▶ [Task instructions]: Using the data that follows, output only the lines from the line with "Ping Pong the" up to and including the line with "Rottenburg, Germany, 16/03/2019:Apollo-Optik", exactly, leaving pictures aside.

Entries supplied Start Marker

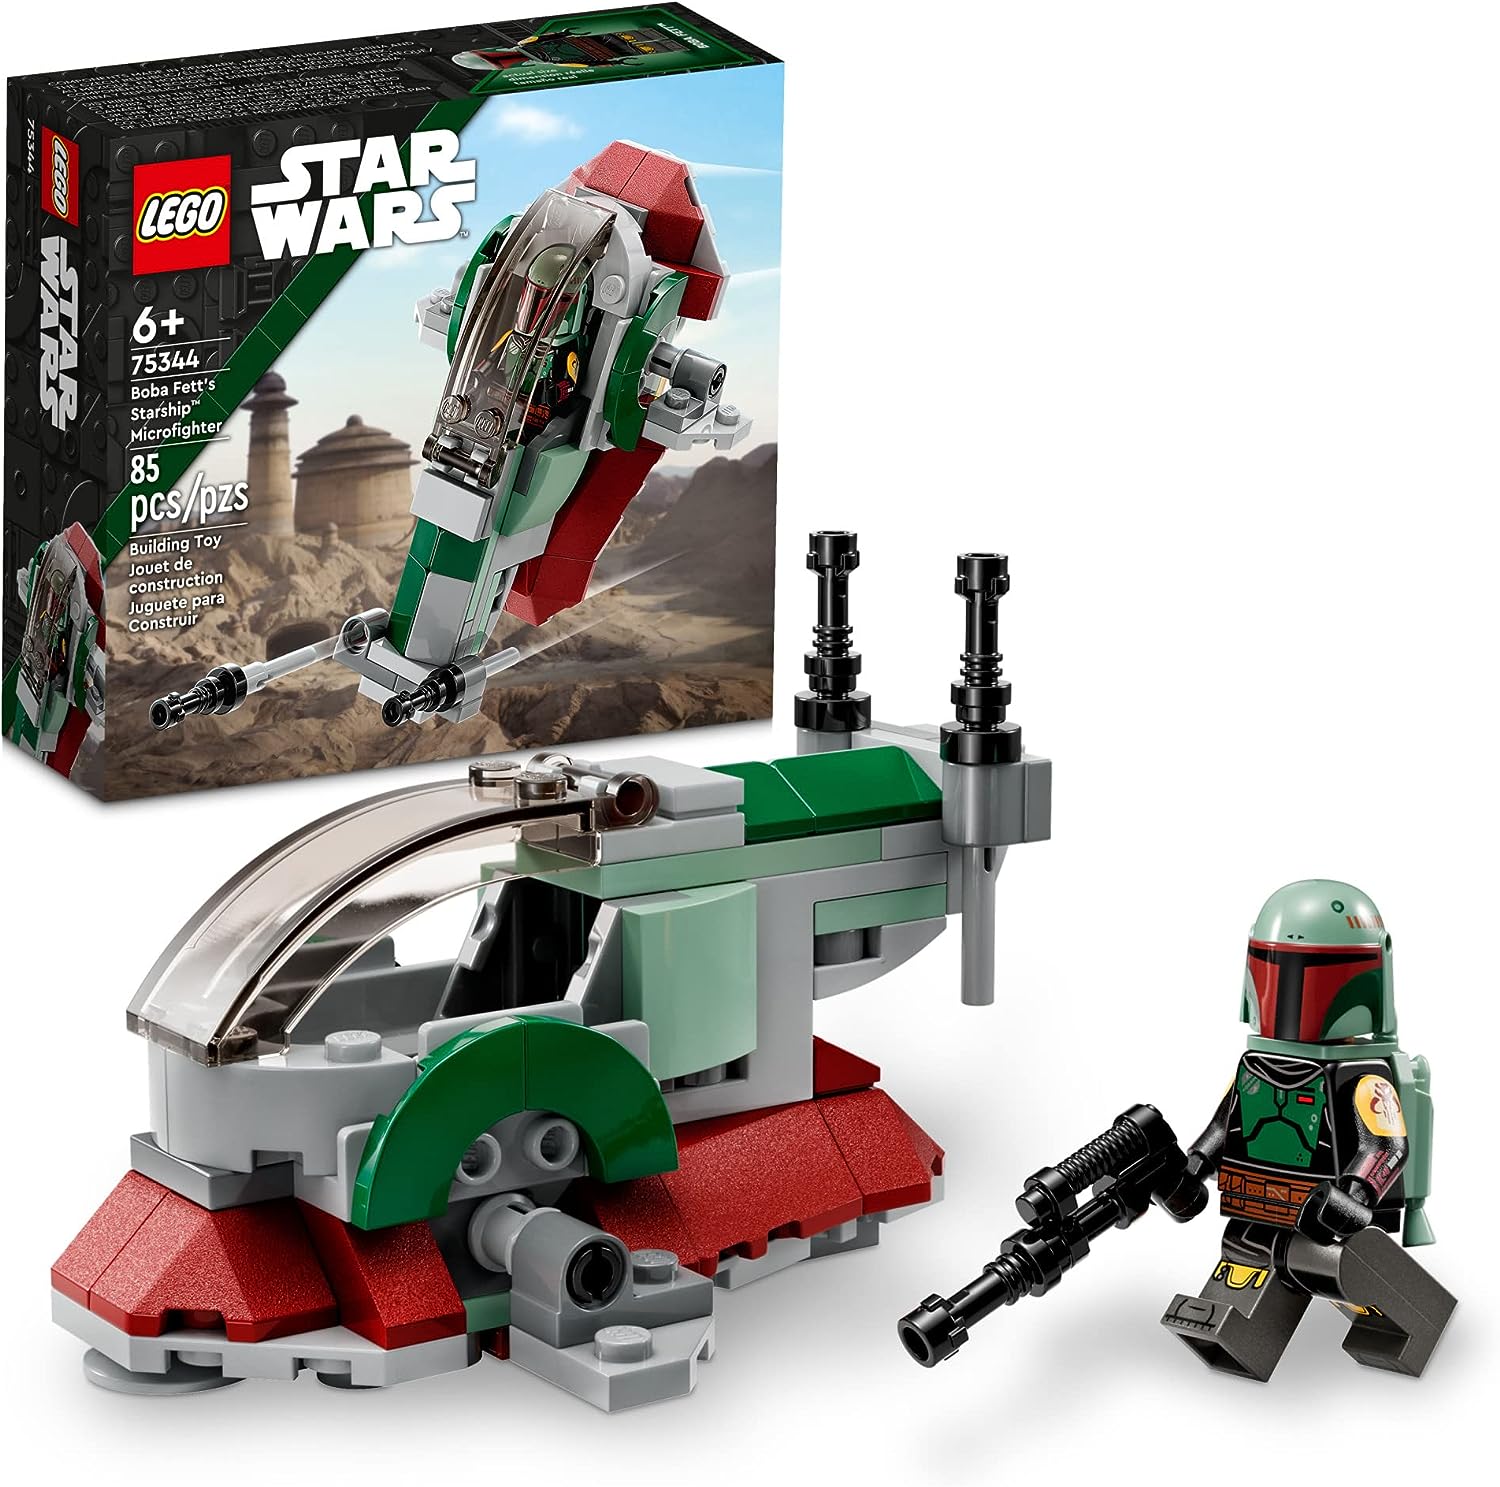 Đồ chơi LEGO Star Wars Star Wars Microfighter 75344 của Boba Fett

Entries supplied End Marker
Entries supplied Start Marker

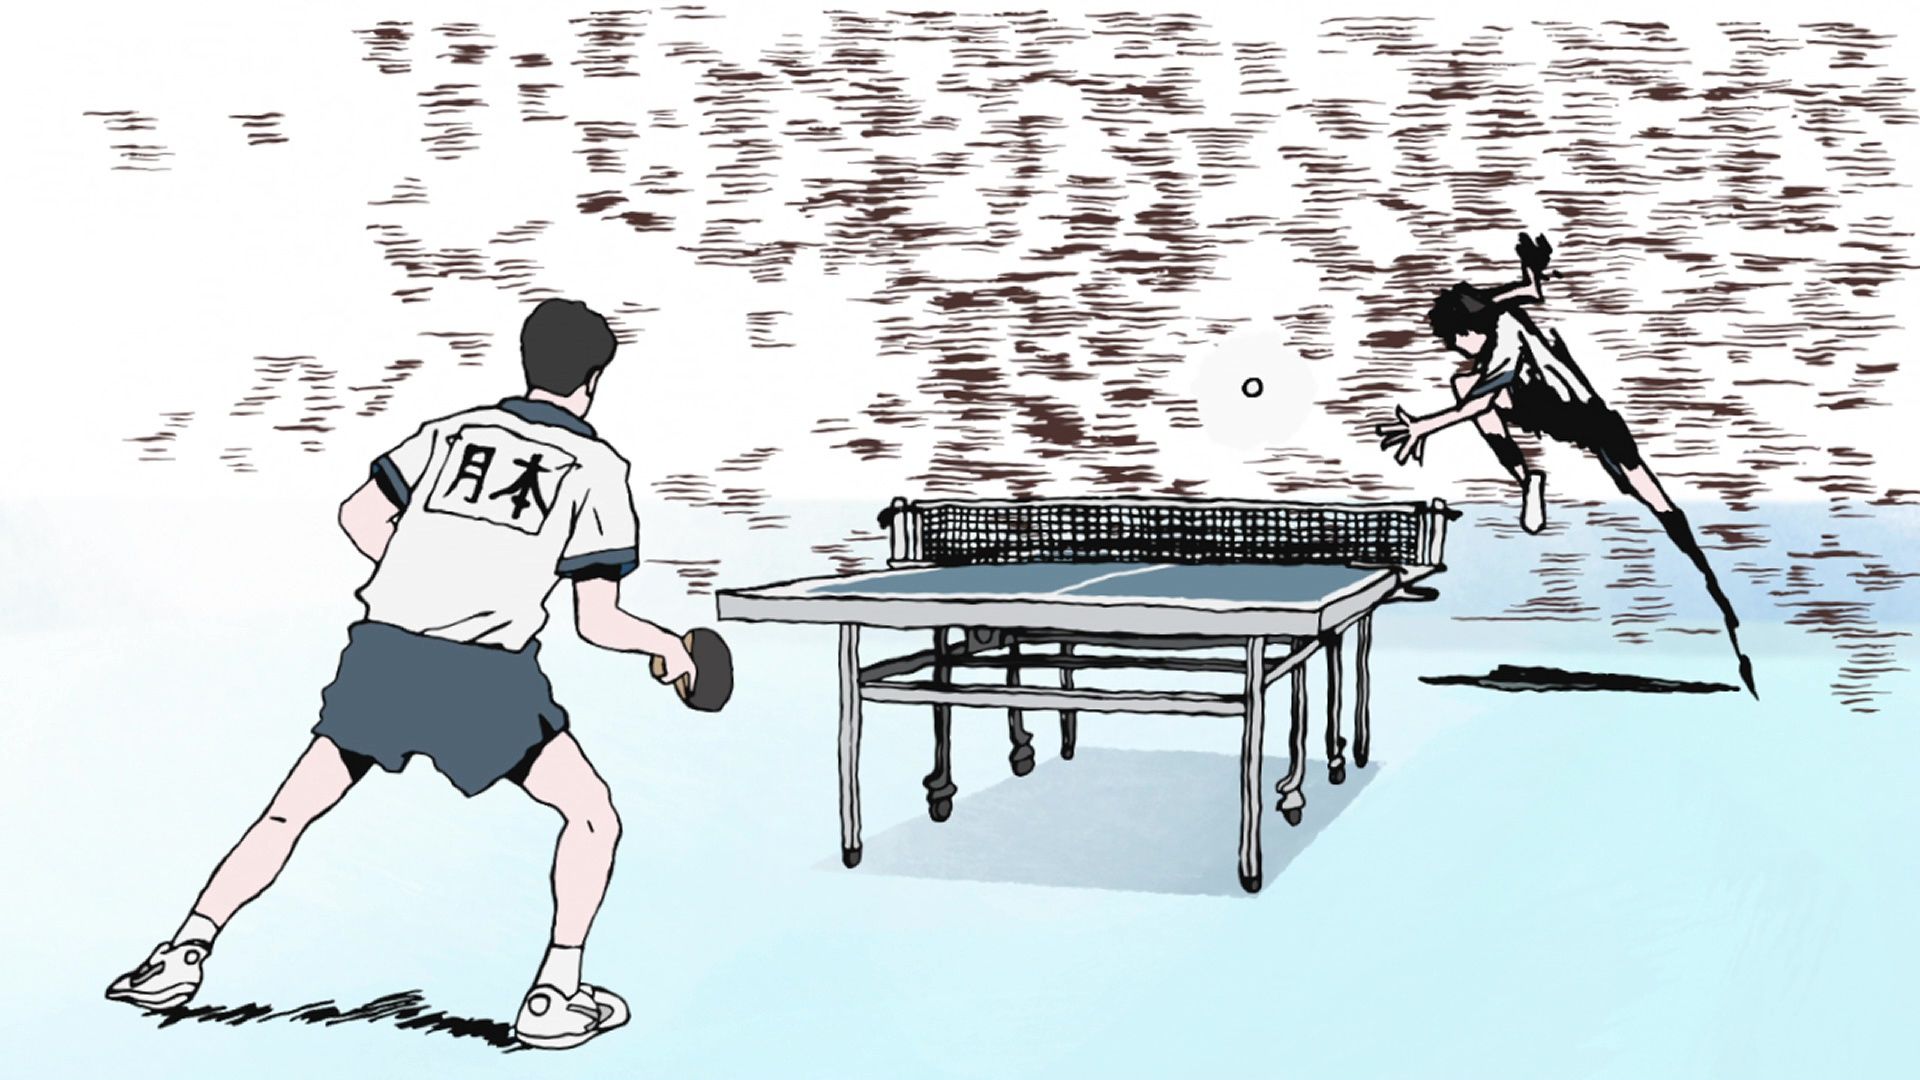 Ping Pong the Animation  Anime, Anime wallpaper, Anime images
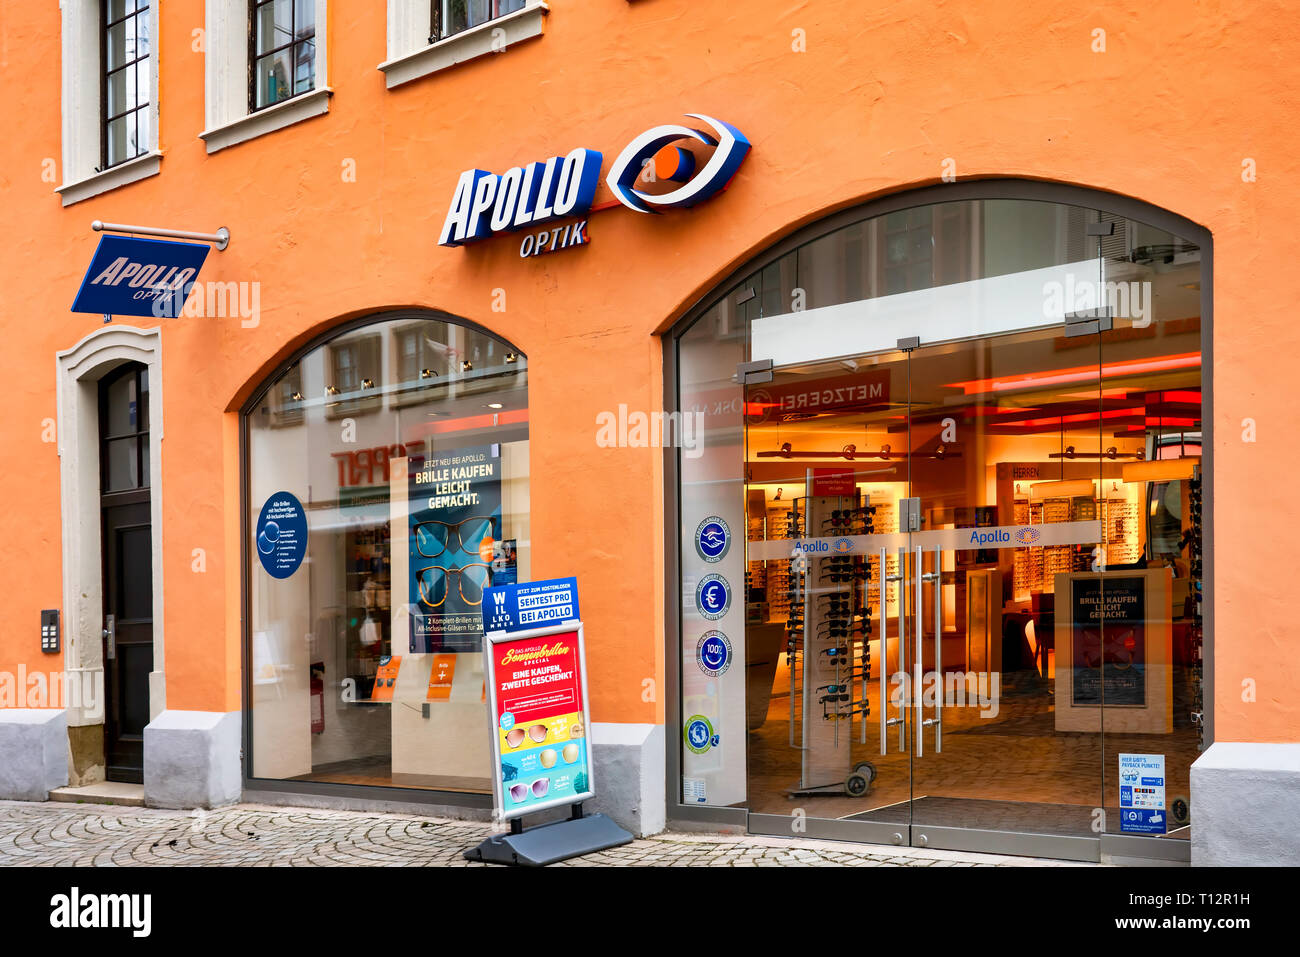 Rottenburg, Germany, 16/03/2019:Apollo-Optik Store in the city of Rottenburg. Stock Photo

Entries supplied End Marker
Entries supplied Start Marker

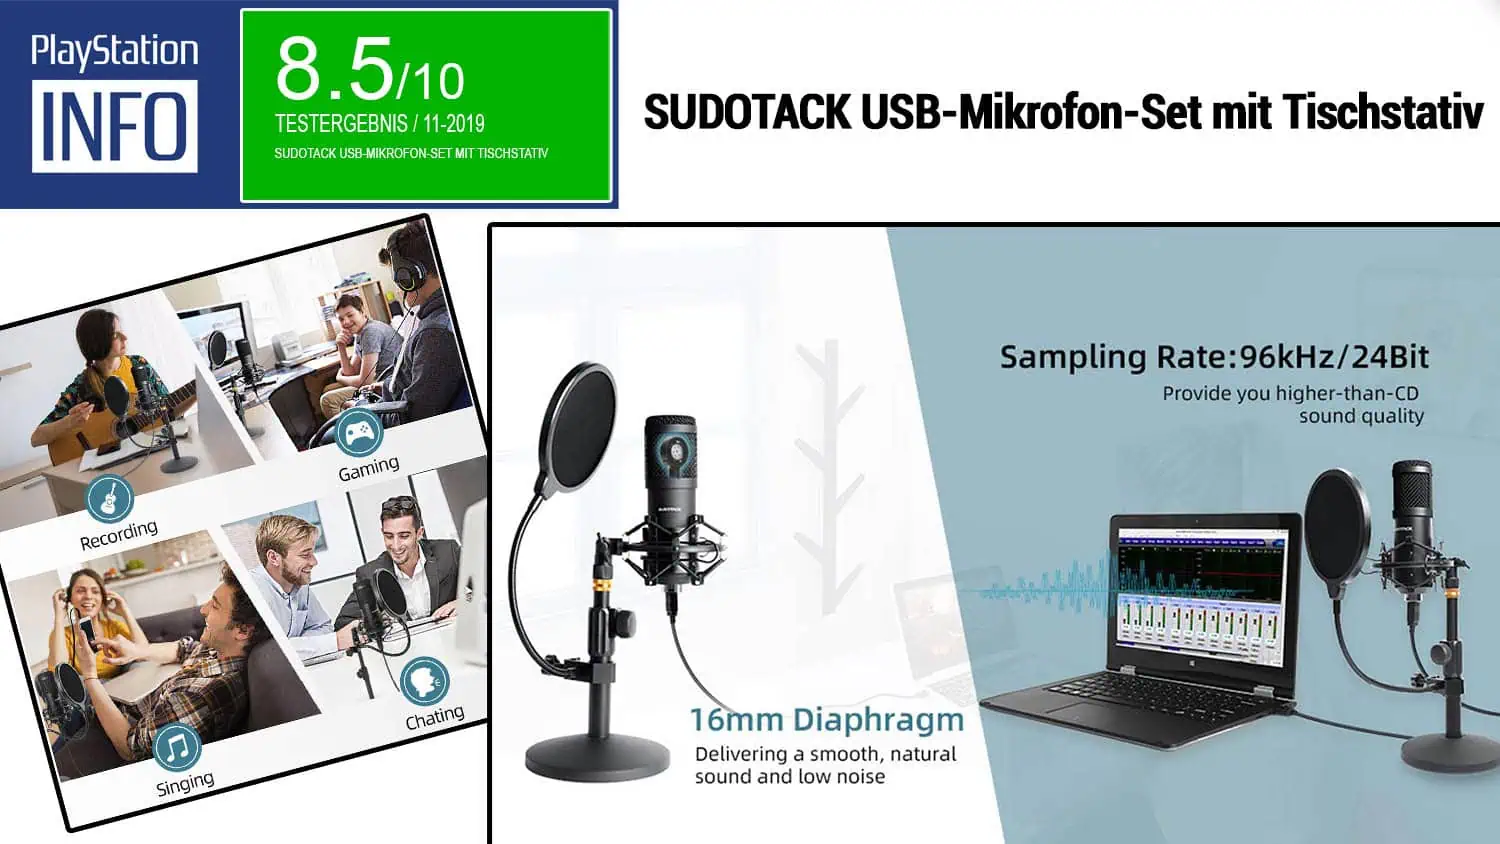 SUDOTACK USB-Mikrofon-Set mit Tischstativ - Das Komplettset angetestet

Entries supplied End Marker

▶ [Solved exercise]:
 Ping Pong the Animation  Anime, Anime wallpaper, Anime images
 Rottenburg, Germany, 16/03/2019:Apollo-Optik Store in the city of Rottenburg. Stock Photo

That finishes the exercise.